Een recent idee is de mogelijkheid van de periodieke huwelijksevaluatie. Volgens filosofe Joke Hermsen, die in verschillende kranten aan het woord kwam over de crisis van het instituut huwelijk, moeten mensen gezien de echtscheidingsstatistieken af van het idee dat het huwelijk een levensverbintenis is. Ze dienen hun verwachtingen naar beneden bij te stellen. Een driejaarlijkse herkeuring, een soort APK voor het huwelijk, lijkt hiervoor een fijn instrument. Op gezette tijden kunnen stellen hun contract verlengen met drie jaar, dan wel het contract beëindigen en in vrede uit elkaar gaan. Dit alles met het oog op het welzijn van de kinderen die niet gebaat zijn bij vechtscheidingen.
De huwelijks-APK combineert het antiburgerlijke sentiment van de Scandinavische aanpak met de naïef-optimistische ‘als je er samen over praat komt alles in orde’-houding van de evangelische christenen. Mensen die uit elkaar willen hebben daarvoor geen keuringsmoment nodig. Mensen die bij elkaar willen blijven hebben ook geen behoefte aan geagendeerde functioneringsgesprekken. Die houden ze wel wanneer het hun uitkomt.
Dit gesleutel aan het huwelijk berust op de misvatting dat de hoge echtscheidingscijfers te wijten zijn aan een fundamentele weeffout binnen het instituut huwelijk. Maar er wordt alleen maar zo veel gescheiden, omdat de economische omstandigheden dit toelaten. Met het huwelijk zelf is niet zo veel mis. Zoals de democratie de minst slechte van alle denkbare staatsvormen is, bestaat er voor het huwelijk ook geen reëel alternatief.
Beste Beatrijs,
Mooi pleidooi voor het huwelijk en de instandhouding ervan!

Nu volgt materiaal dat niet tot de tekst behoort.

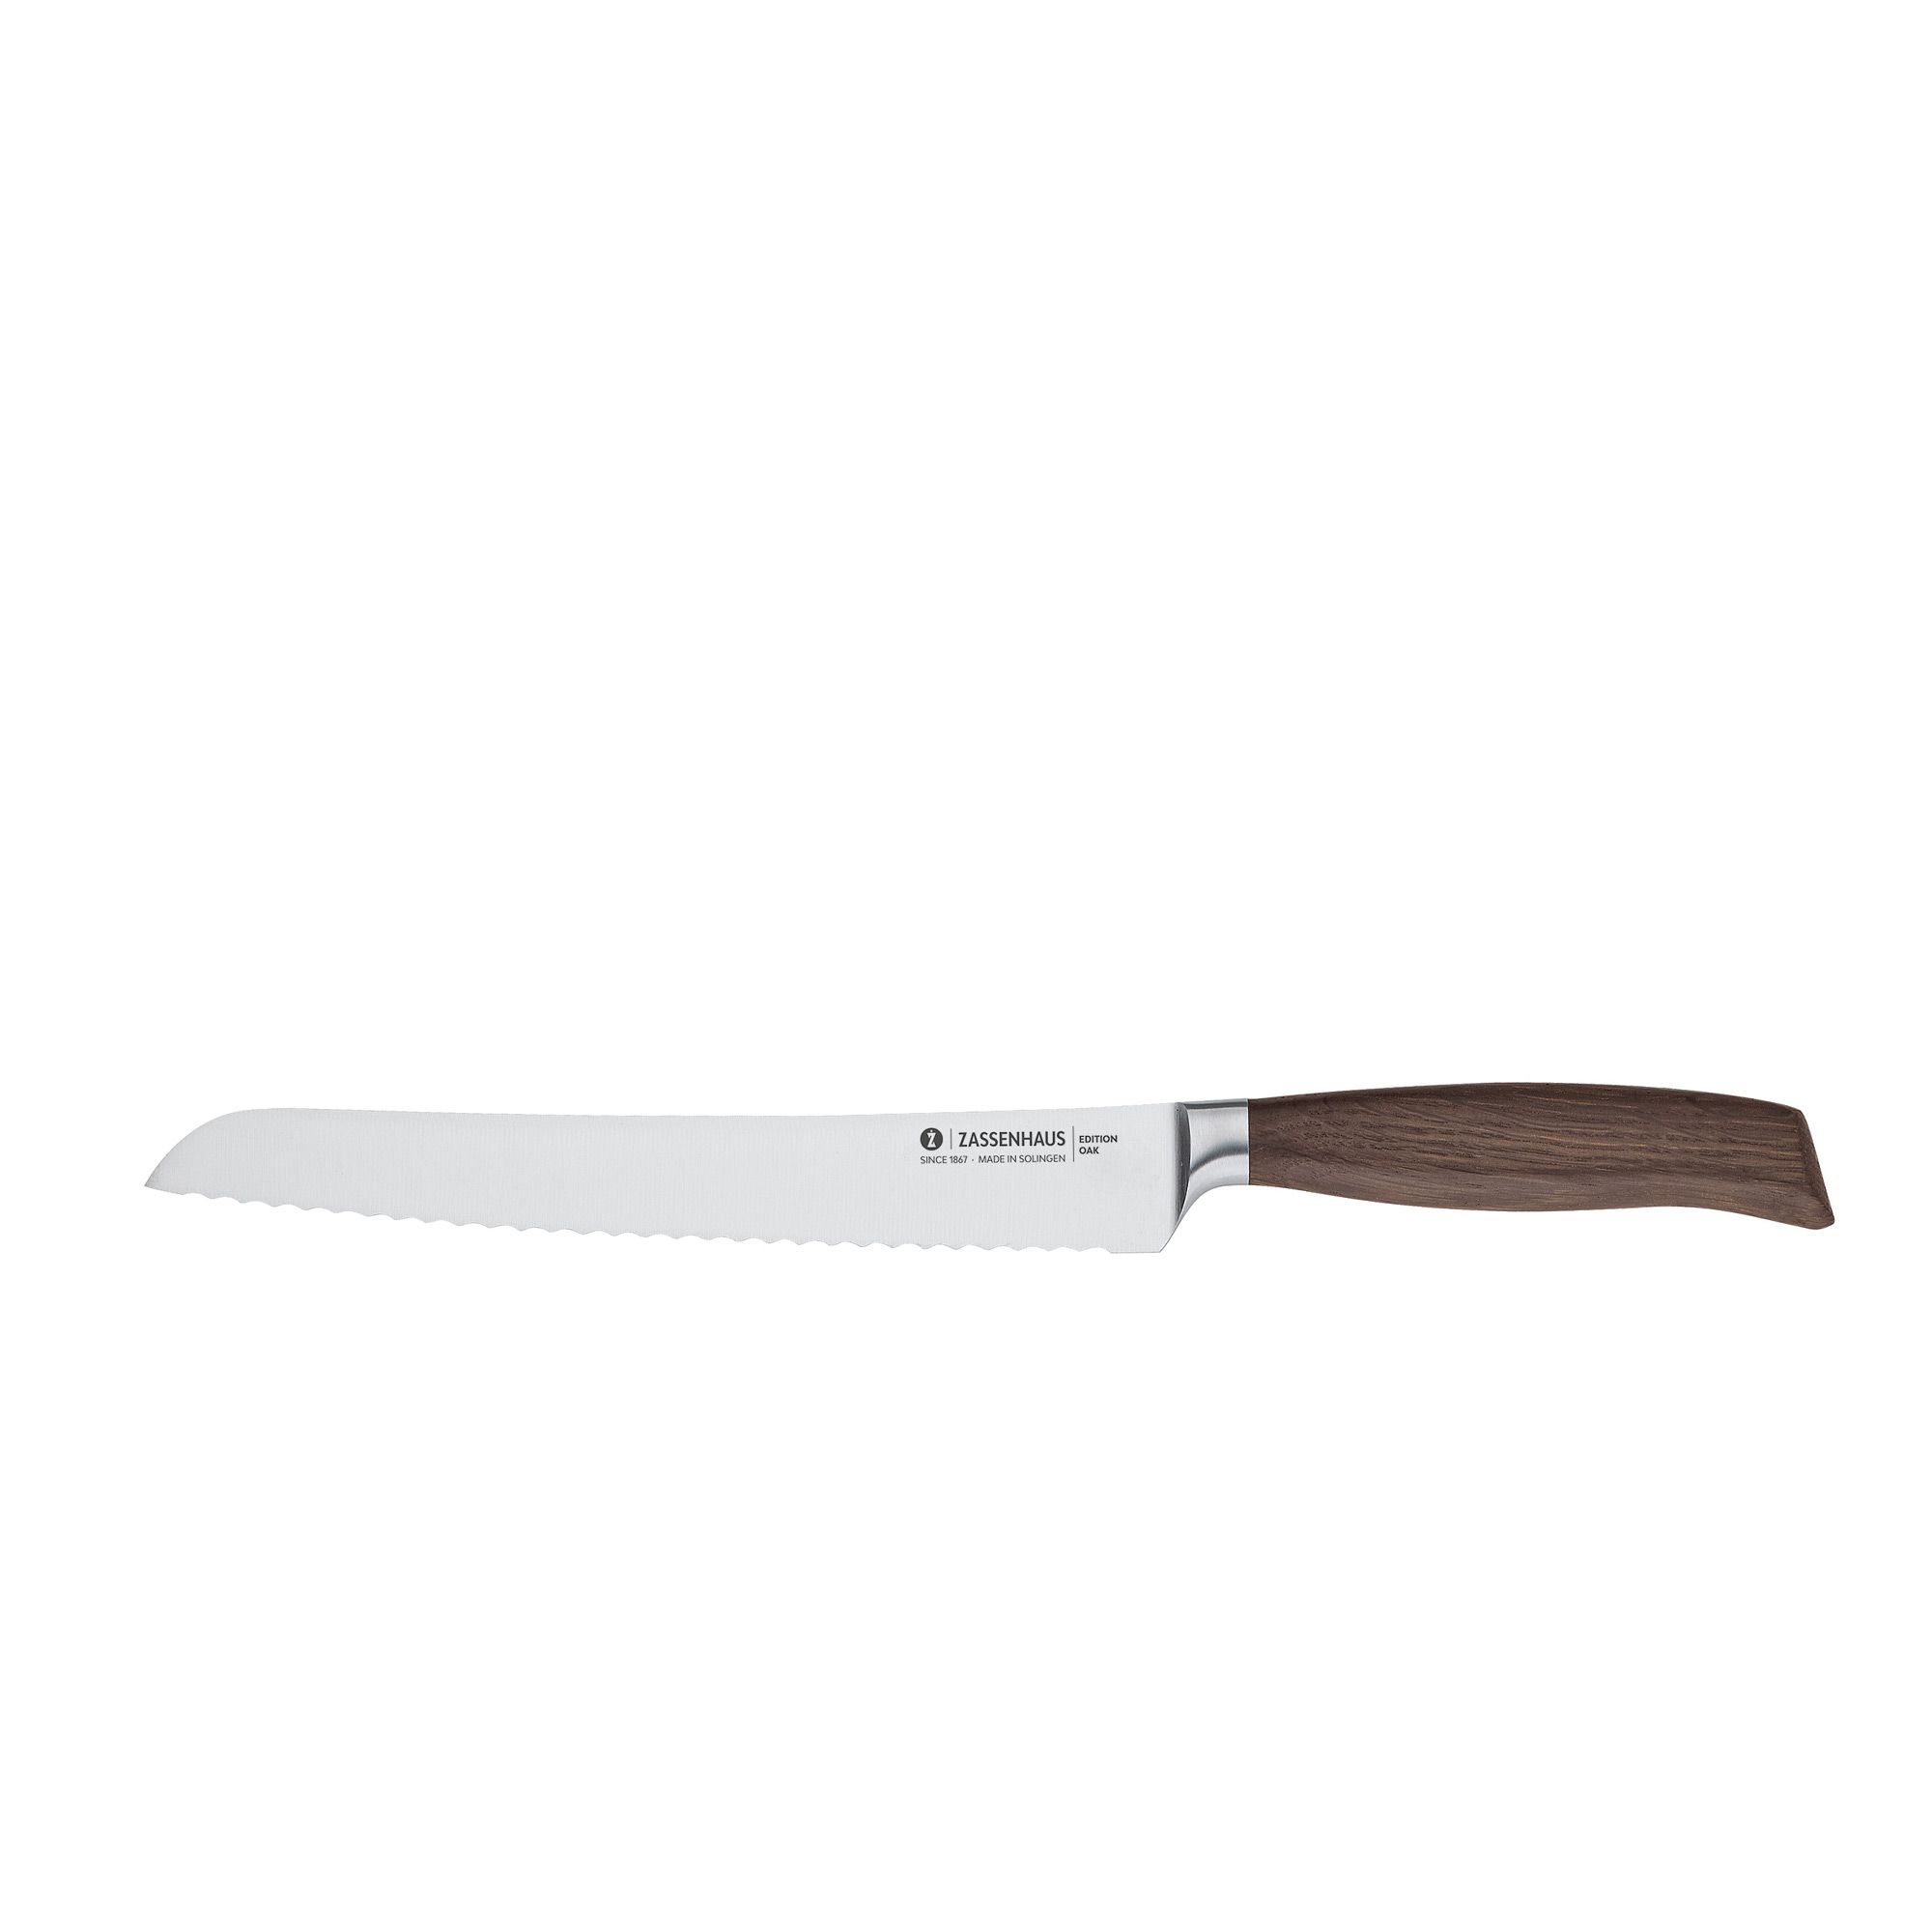 Zassenhaus - bread knife 22 cm - EDITION OAK
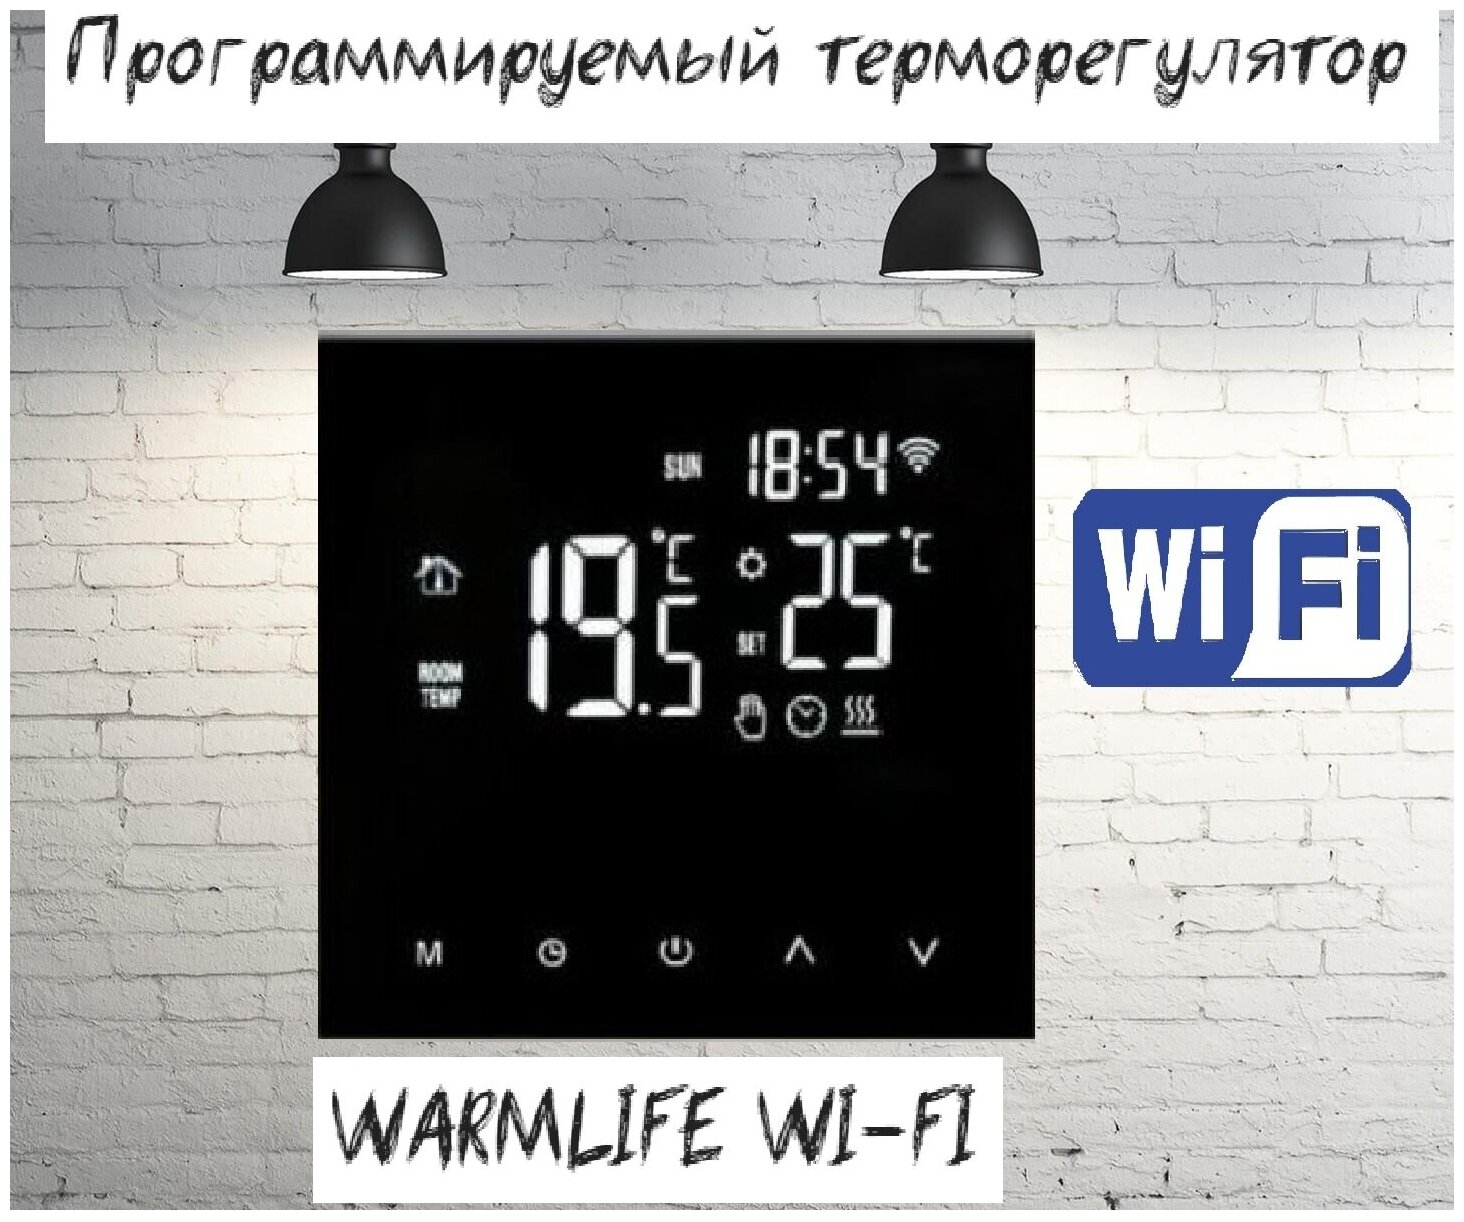 фото Терморегулятор программируемый warmlife ht17h3 wi-fi

Toch heb ik mijn bedenkingen, waarschijnlijk gekleurd door ons eigen polyamoreuse leventje, maar dat terzijde.
Ik ben zeer benieuwd hoe je tot de conclusie komt dat kinderen last hebben van polyamorie of een open huwelijk en op welke manier dan wel?
“Wie zonder ideologie overspel pleegt brengt zn huwelijk in gevaar, maar wie ideologisch gesanctioneerd ontsnapt aan het keurslijf van de huwelijkse trouw, bijvoorbeeld in een open huwelijk of in een systeem van polyamorie, roept ook complicaties over zich af, al was het maar omdat de kinderen er last van hebben”
Al meer dan 10 jaar getrouwd en weer opnieuw verliefd, dat zijn wij, juist door polyamorie.
Op de vraag van oma -zelf gescheiden- aan onze dochter waar zij zou willen wonen als pappa en mamma zouden scheiden was haar enige antwoord: “Mijn pappa en mamma gaan niet scheiden want die zijn verliefd.”
Wat is er nou beter voor kinderen dan blije, betrokken ouders die goed in hun vel zitten? Al dan niet omdat ze elkaar en hun kinderen alle liefde van de wereld gunnen.
Ik zeg ieder het zijne, we zijn niet allemaal gelijk, gelukkig niet. Maar laat elkaar wel alsjeblieft in hun waarde! Er is geen wondermiddel voor iedereen…
Groetjes,
Hub
Als er gescheiden wordt zodra de economische toestanden het toelaten is het huwelijk blijkbaar niet zo prettig om in te verblijven. Het lijkt me dus dat er met het huwelijk heel veel mis is.